Unlike the popular local police narratives once popularized by Joseph Wambaugh (”The New Centurions,”  “The Onion Field”), Leovy took on this work as a reporter whose police beat took her to a part of town beset with poverty, anger, violence and young dreams forever unfulfilled. Each page seems to spill with the blood of young Black boys and middle-aged men who, no matter what their original intent in life, never made it out of the ghetto. Many of the notorious characters in the book who did manage to live another day in this historically neglected part of the City of Angels are likely sitting in prison, on parole or on probation. And all to often within the confines of South Bureau, the book reveals in dramatic detail how the guilty as well as the innocent die on the streets.

The title could easily been spelled with a “c”  as in (“Ghettocide”) considering the familiar way that the mostly young Black residents depart life. Yet the title is not a stereotypical moniker attached by a suburban White woman who, at first glance, would appear to be a foreign correspondent dropped off in an hellacious landscape with only her pen and notebook. The veteran detectives coined and suggested the title—part of the “gallows humor” so common when you have a stack of new, ongoing and unsolved murders piling up monthly on their desks. The “absence of law,” these sworn men and women attest, is a primary reason why this deadly social pathology is so common in South L.A. And many of them know the mean streets as well as any gang-banger, dope pusher, homeless addict or “baby-momma/daddy” who ever awoke and slept there.

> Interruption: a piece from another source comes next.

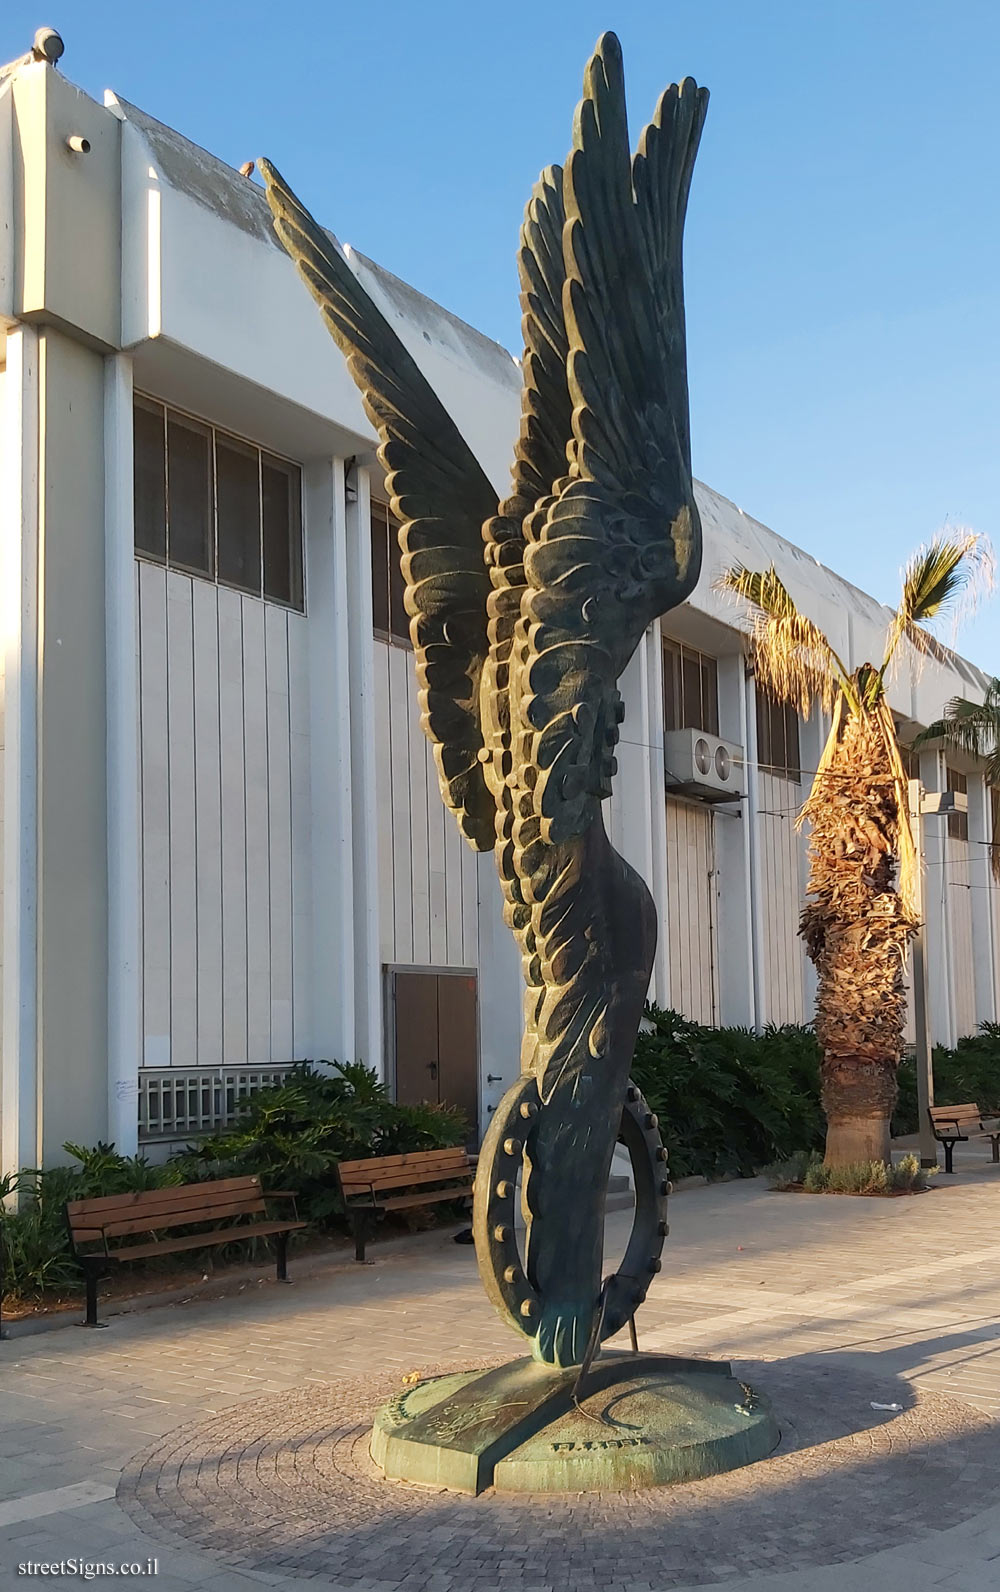 Tel Aviv - "Angel of Peace" outdoor sculpture by Motti Mizrachi - Yamin St 4, Tel Aviv-Yafo, Israel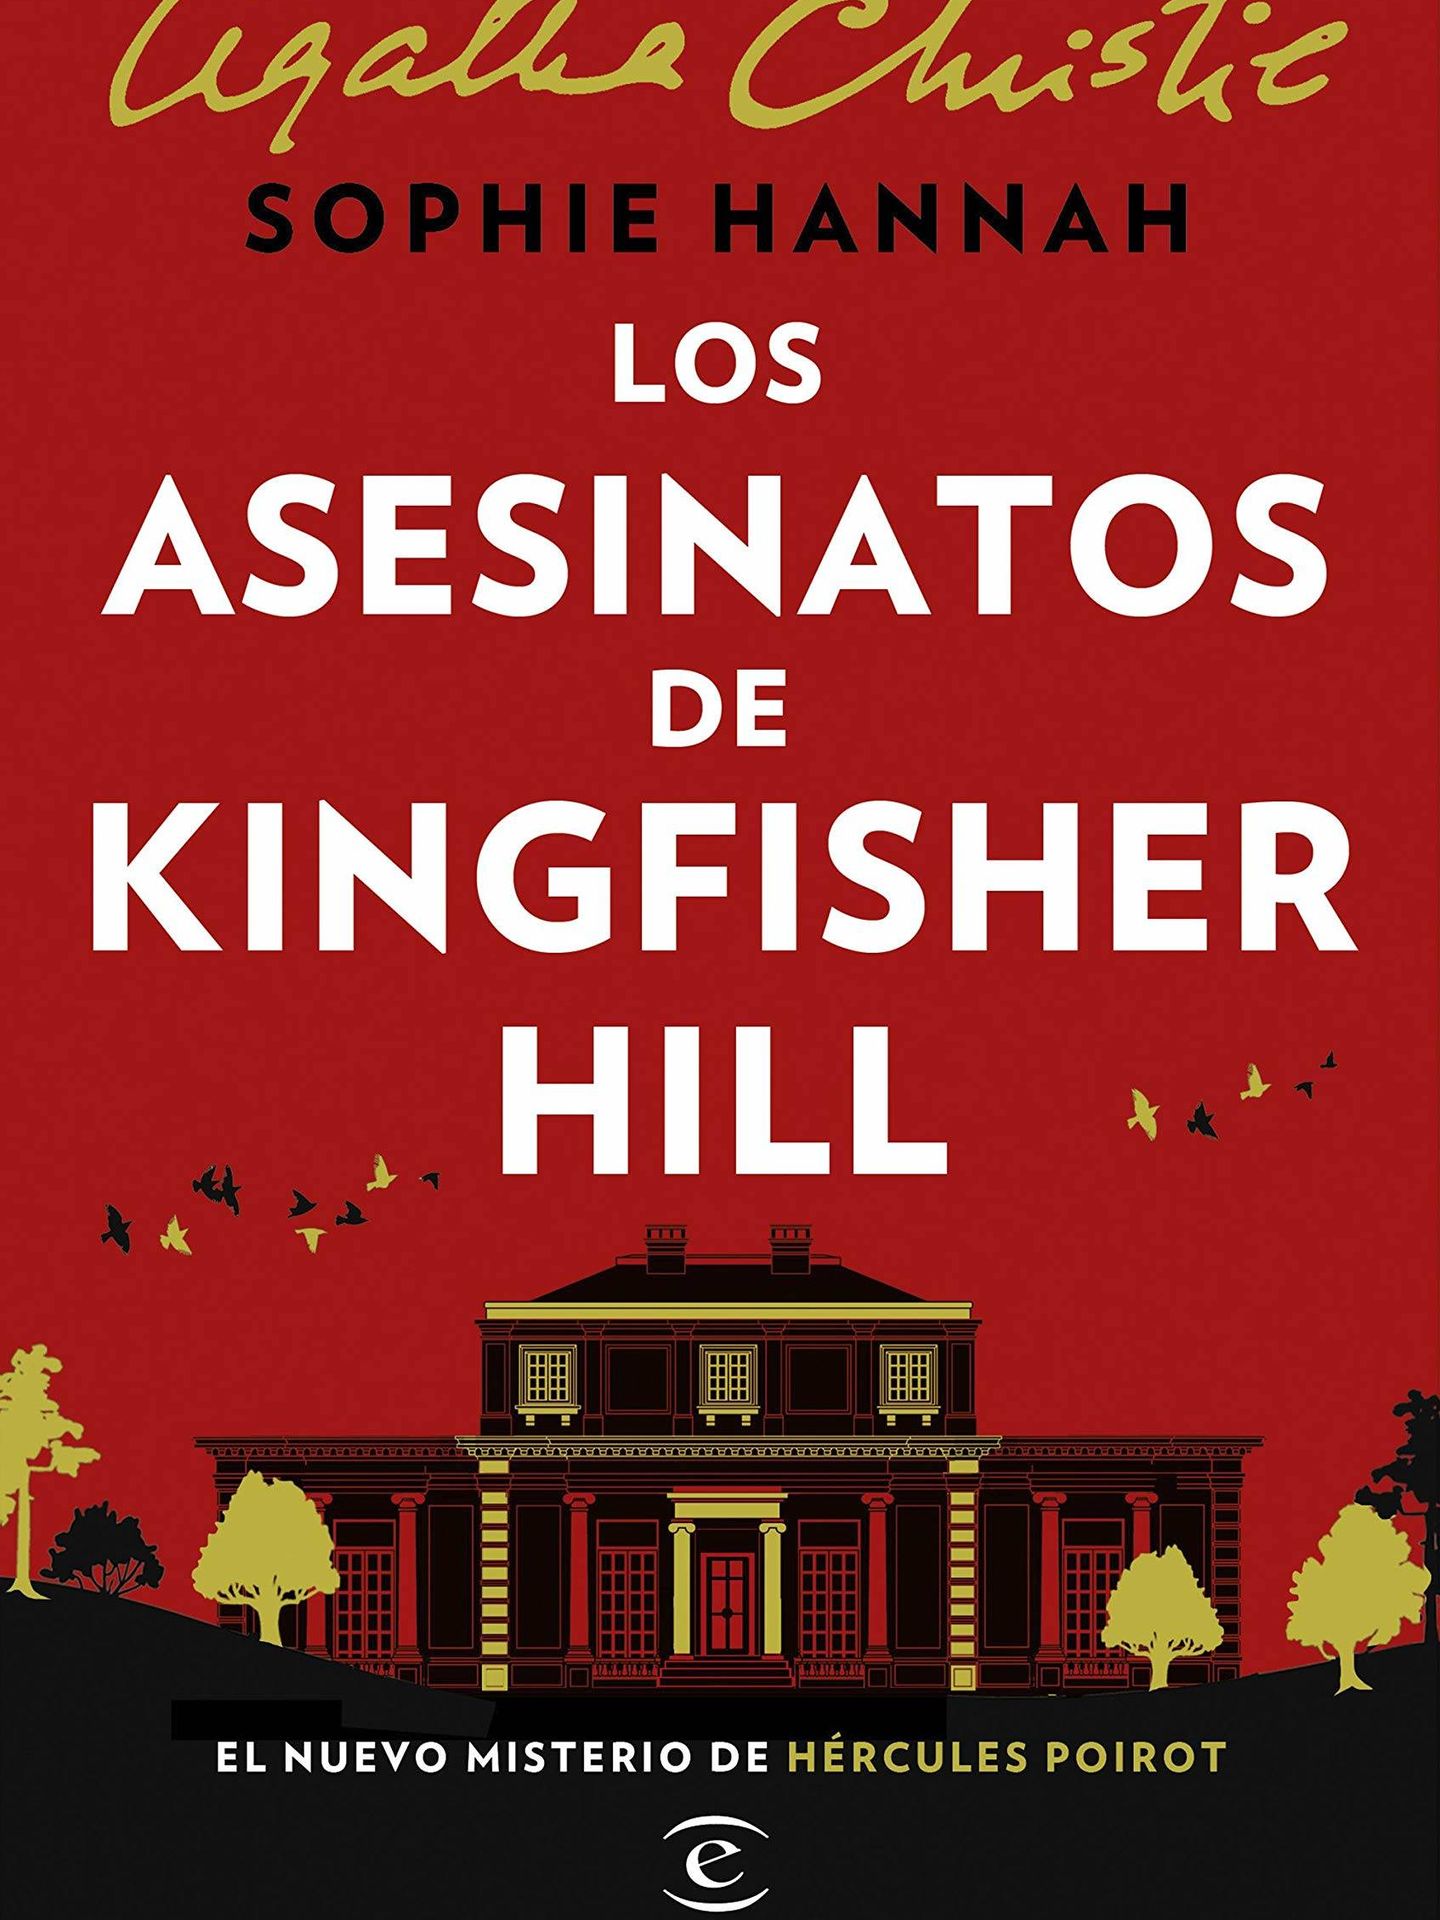 'Los asesinatos de Kingfisher Hill'

But it takes a special detective to eventually find justice for the heart-broken parents, relatives and friends of the majority-young lives snuffed out by rivals. John Scaggs was one such man. He had the very regrettable responsibility to track down the killer of young man who had a special connection to the LAPD…he was the teenaged son of a fellow detective who dared to live in the same community that he took an oath to protect.

Halfway through Leovy’s book, the reader may begin to substitute the detectives as “armed coroners” as their daily shift during the “Big Years” (1990 through 2000) involved constant roll outs to pick up dead teenaged and young-adult Black persons. It never seemed to end. The detectives ran out of room at the 77th Street Precinct and had to add a trailer to the back parking lot in order to gather all the cases—old and new—into a “clearinghouse” of sorts operated by some of the LAPD’s most seasoned personnel, a few of which have become nationally renowned for their investigative prowess.

Leovy put in pain-staking research at 77th and Newton divisions—sometimes, she revealed, working out of her car out back—which is always the hallmark of a good “police beat” reporter. She brought out the personal ambitions and motivations of the detectives assigned to South Bureau and did a remarkable job at peeling back of the layers of mental toughness with compassion among the detectives. This insight proved especially poignant when they would come upon the latest blood-spattered Black boy or girl whom onlookers believed the LAPD or Sheriff’s department considered merely “…just another dead niger.”

The job of finding justice for the victims is very difficult in South Bureau. Witnesses are reluctant. They’re frightened by reprisal. “Don’t snitch” was not only unsolicited advice to residents, but also served as a warning that if you said anything to law enforcement, you’d surely be next. These detectives had the unique responsibility of determining if this or that child was actually “banging” or was he or she simply an innocent bystander who caught one of the thousands of bullets fired day and night throughout the “hood” with relative impunity.

Through hundreds of hours tracking down and interviewing witnesses and participants in the murder of the popular detective’s son, they found and brought to justice the driver/orchastrator and the gunman—both “Blocc Crips”—each serving a life sentence.

“Ghettoside” is an excellent look at both sides in the ongoing—but certainly reduced—tragedies of L.A.’s Black-on-Black crime rate in South Bureau and the lingering effect on the community.